2. Dabei hat der Sachverständige eine tarifübergreifende Betrachtung anzustellen. Hierfür reicht es nicht aus, wenn eine dokumentierte Begründung für die Mittelverwendung sich auf einen einzelnen Tarif oder vereinzelte Aspekte beschränkt, unabhängig davon, ob diese punktuelle Begründung für sich genommen nachvollziehbar erscheint oder dem Kläger nachteilig ist. Es kommt nicht darauf an, ob und in welchem Maße sich ein Fehler zum Nachteil des einzelnen klagenden Versicherungsnehmers ausgewirkt hat.

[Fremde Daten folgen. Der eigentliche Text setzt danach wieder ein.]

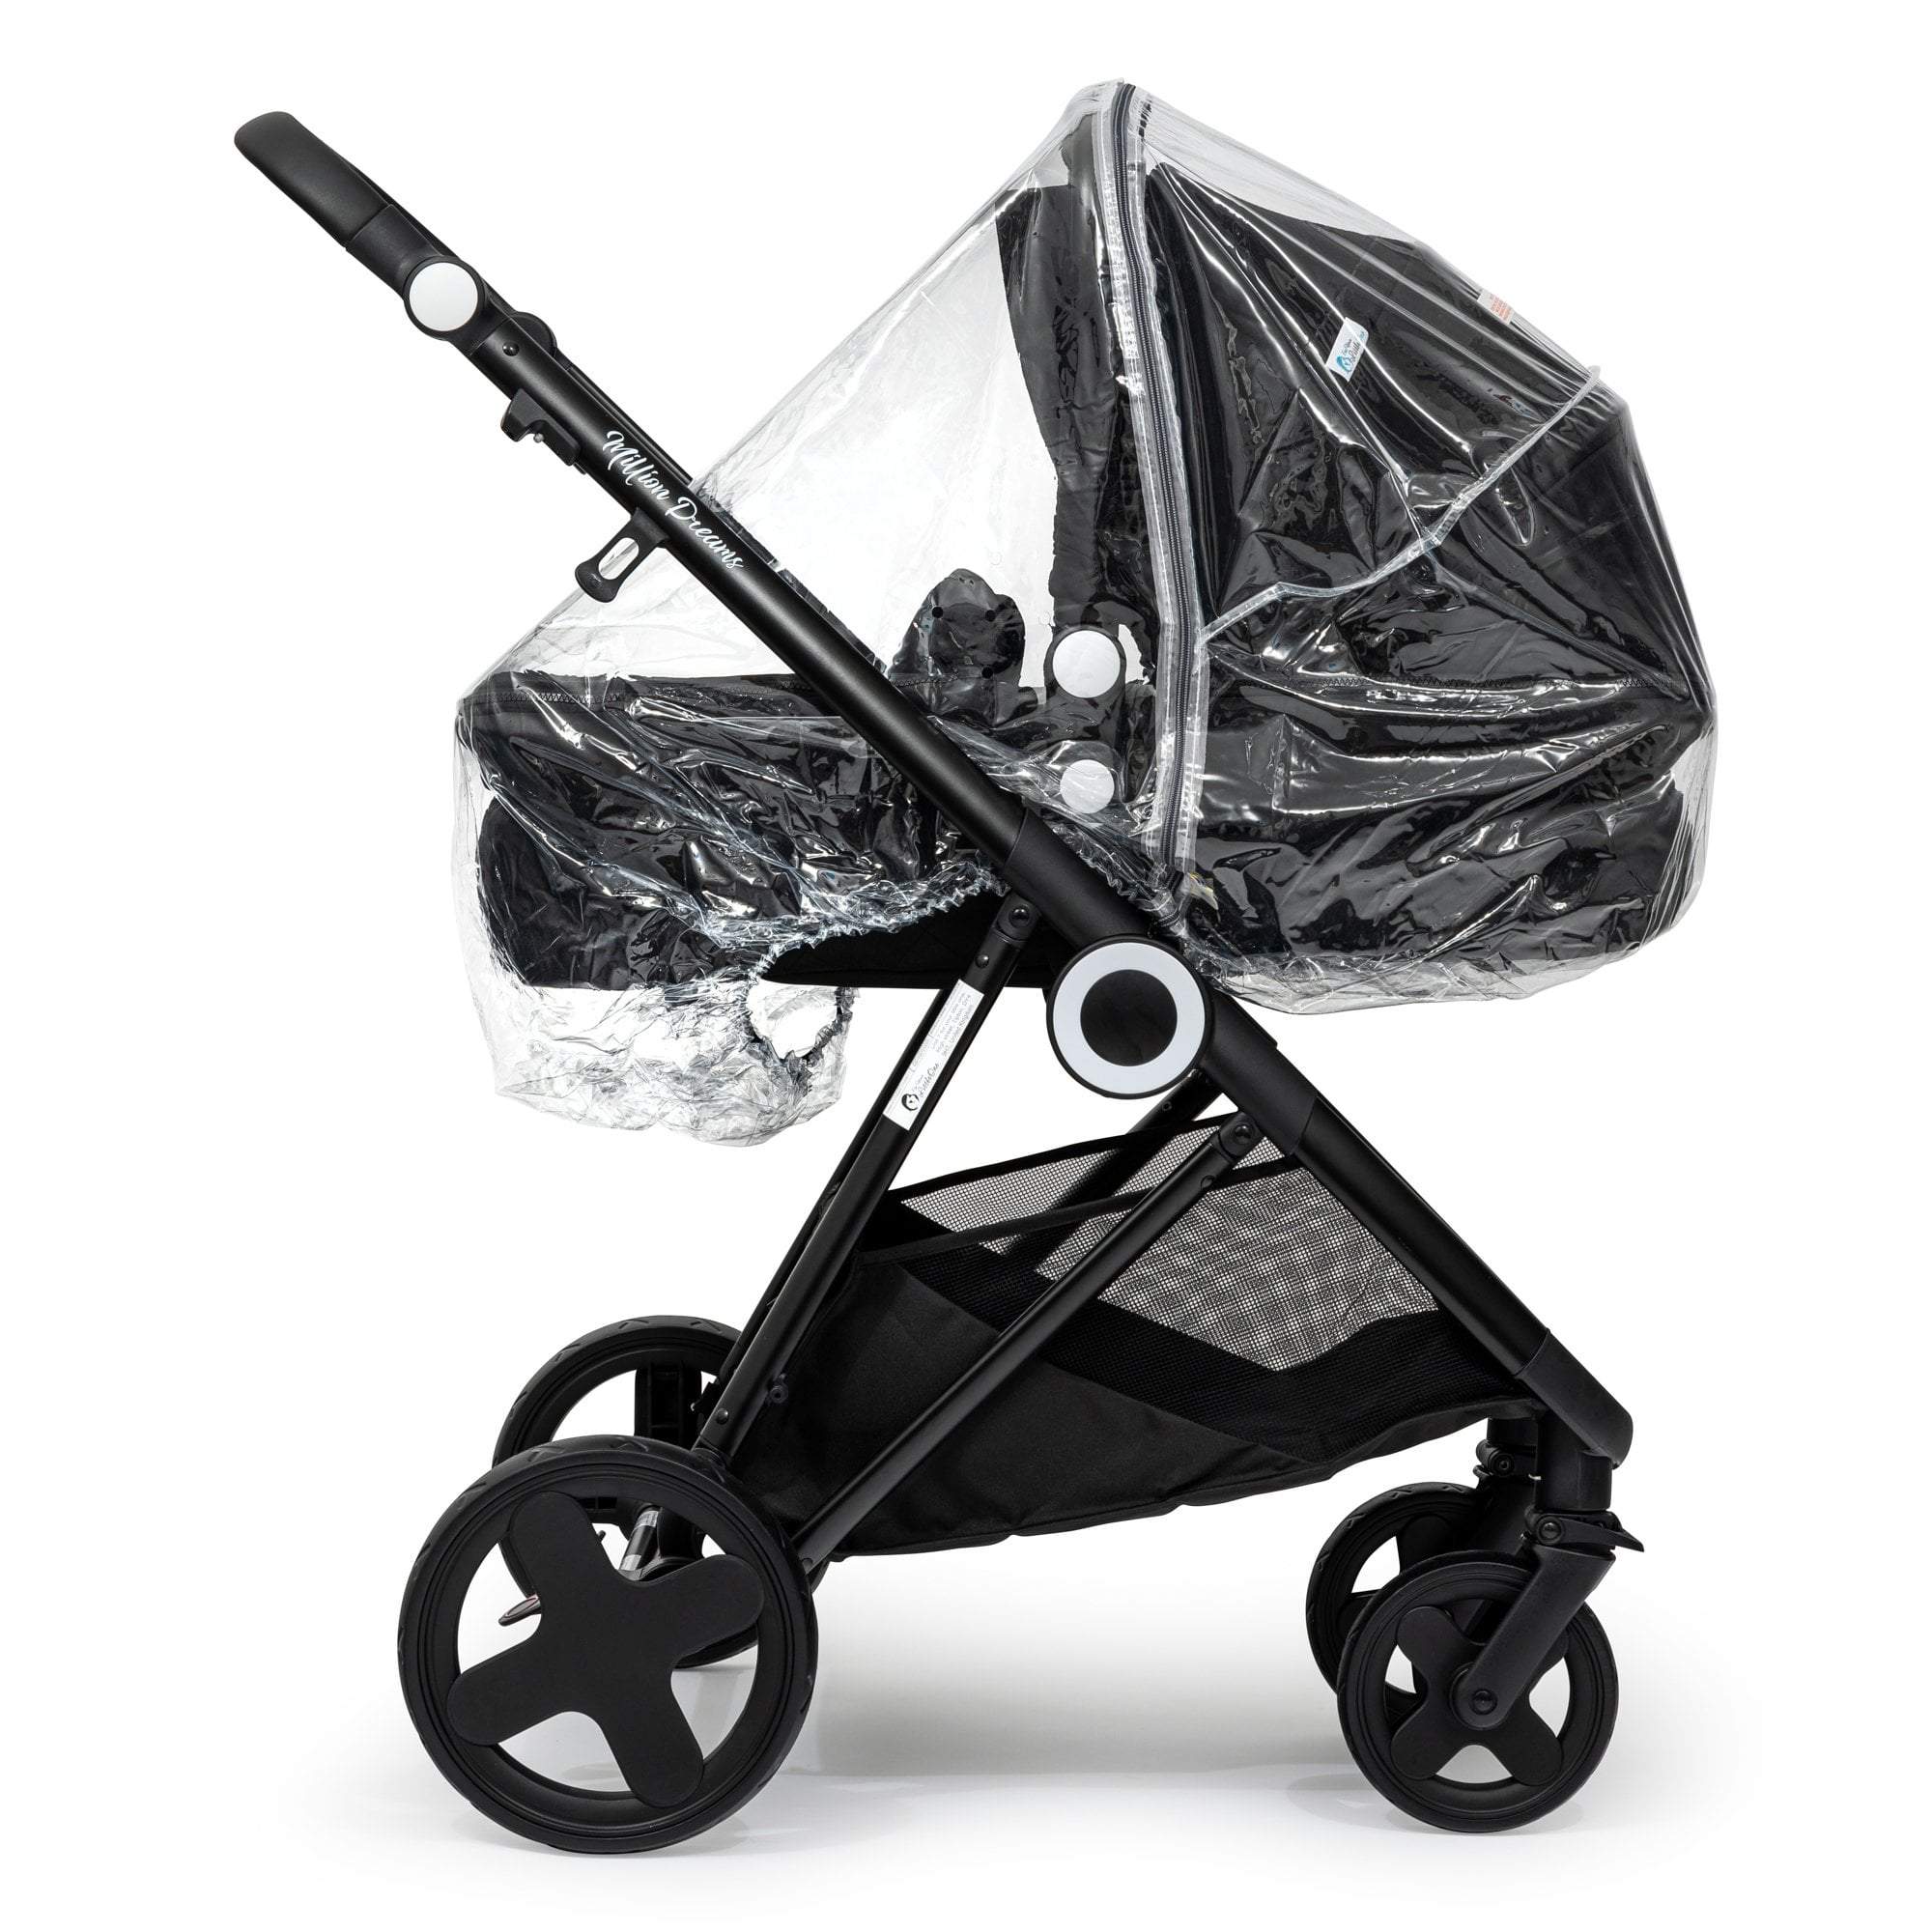 Carrycot Raincover Compatible With Firstwheels - Fits All Models - For Your Little One
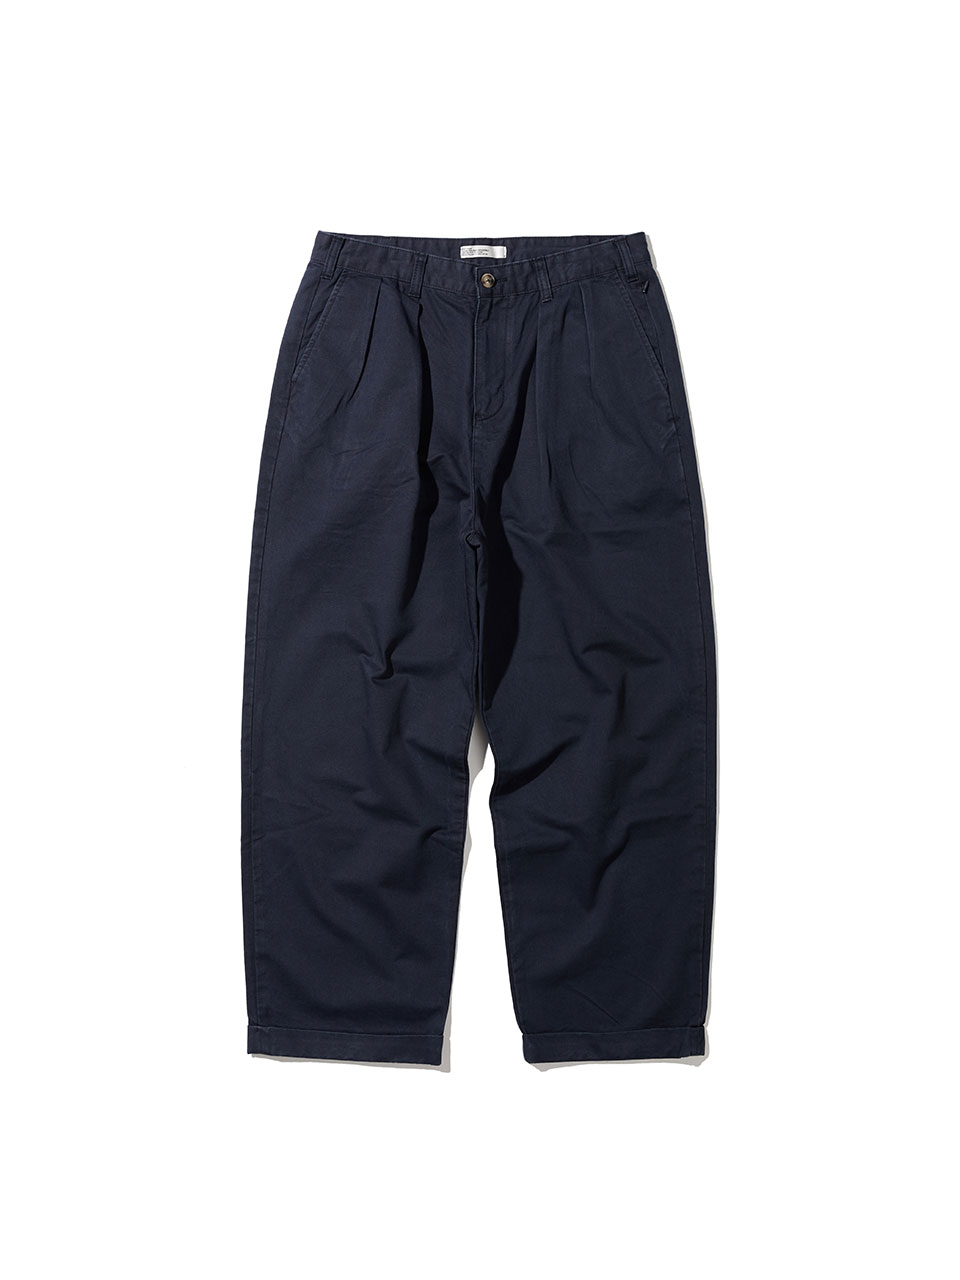 SOUNDSLIFE - Easy Two Tuck Chino Pants Navy

3. Die gerichtliche und mithin sachverständige Prüfung ist auf die Unterlagen beschränkt, die der Versicherer dem unabhängigen Treuhänder für den Erhalt von dessen Zustimmung zur Beitragsanpassung gemäß § 155 VAG, § 17 KVAV vorgelegt hat.
Normenkette
BGB §§ 195, 199 Abs. 1, § 214 Abs. 1, § 812 Abs. 1 S. 1, § 818; KVAV § 17; VAG §§ 155, 160; VVG § 203 Abs. 2, 5; ZPO § 256 Abs. 2, § 286
Verfahrensgang
LG Berlin (Urteil vom 24.05.2018; Aktenzeichen 23 O 144/17) |
Nachgehend
Tenor
I. Auf die Berufung der Beklagten wird das Urteil des Landgerichts Berlin vom 24.05.2018, Aktenzeichen 23 O 144/17, abgeändert und - unter Zurückweisung der Berufung im Übrigen - wie folgt neu gefasst:
1. Es wird festgestellt, dass die Erhöhung des Monatsbeitrags
im Tarif Q zum 01.01.2017 um 158,62 EUR,
in der zwischen dem Kläger und der Beklagten bestehenden Krankenversicherung mit der Versicherungsnummer [...] unwirksam ist und der Kläger bis zum 31.12.2018 nicht zur Zahlung des jeweiligen Erhöhungsbetrags verpflichtet ist.
2. Die Beklagte wird verurteilt, an den Kläger 1.903,44 EUR nebst Zinsen in Höhe von 5 Prozentpunkten über dem Basiszinssatz aus 634,48 EUR seit dem 6.04.2017, aus weiteren 158,62 EUR seit dem 20.06.2017 sowie aus weiteren 1.110,34 EUR seit dem 15.01.2021 zu zahlen
3. Es wird festgestellt, dass die Beklagte
a) dem Kläger zur Herausgabe der Nutzungen verpflichtet ist, die sie vor dem 01.04.2017 aus dem Prämienanteil gezogen hat, den der Kläger auf die unter 1. aufgeführten Beitragserhöhungen gezahlt hat,
b.) die nach 3.a) herauszugebenden Nutzungen in Höhe von 5 Prozentpunkten über dem Basiszinssatz ab dem 06.04.2017 zu verzinsen hat.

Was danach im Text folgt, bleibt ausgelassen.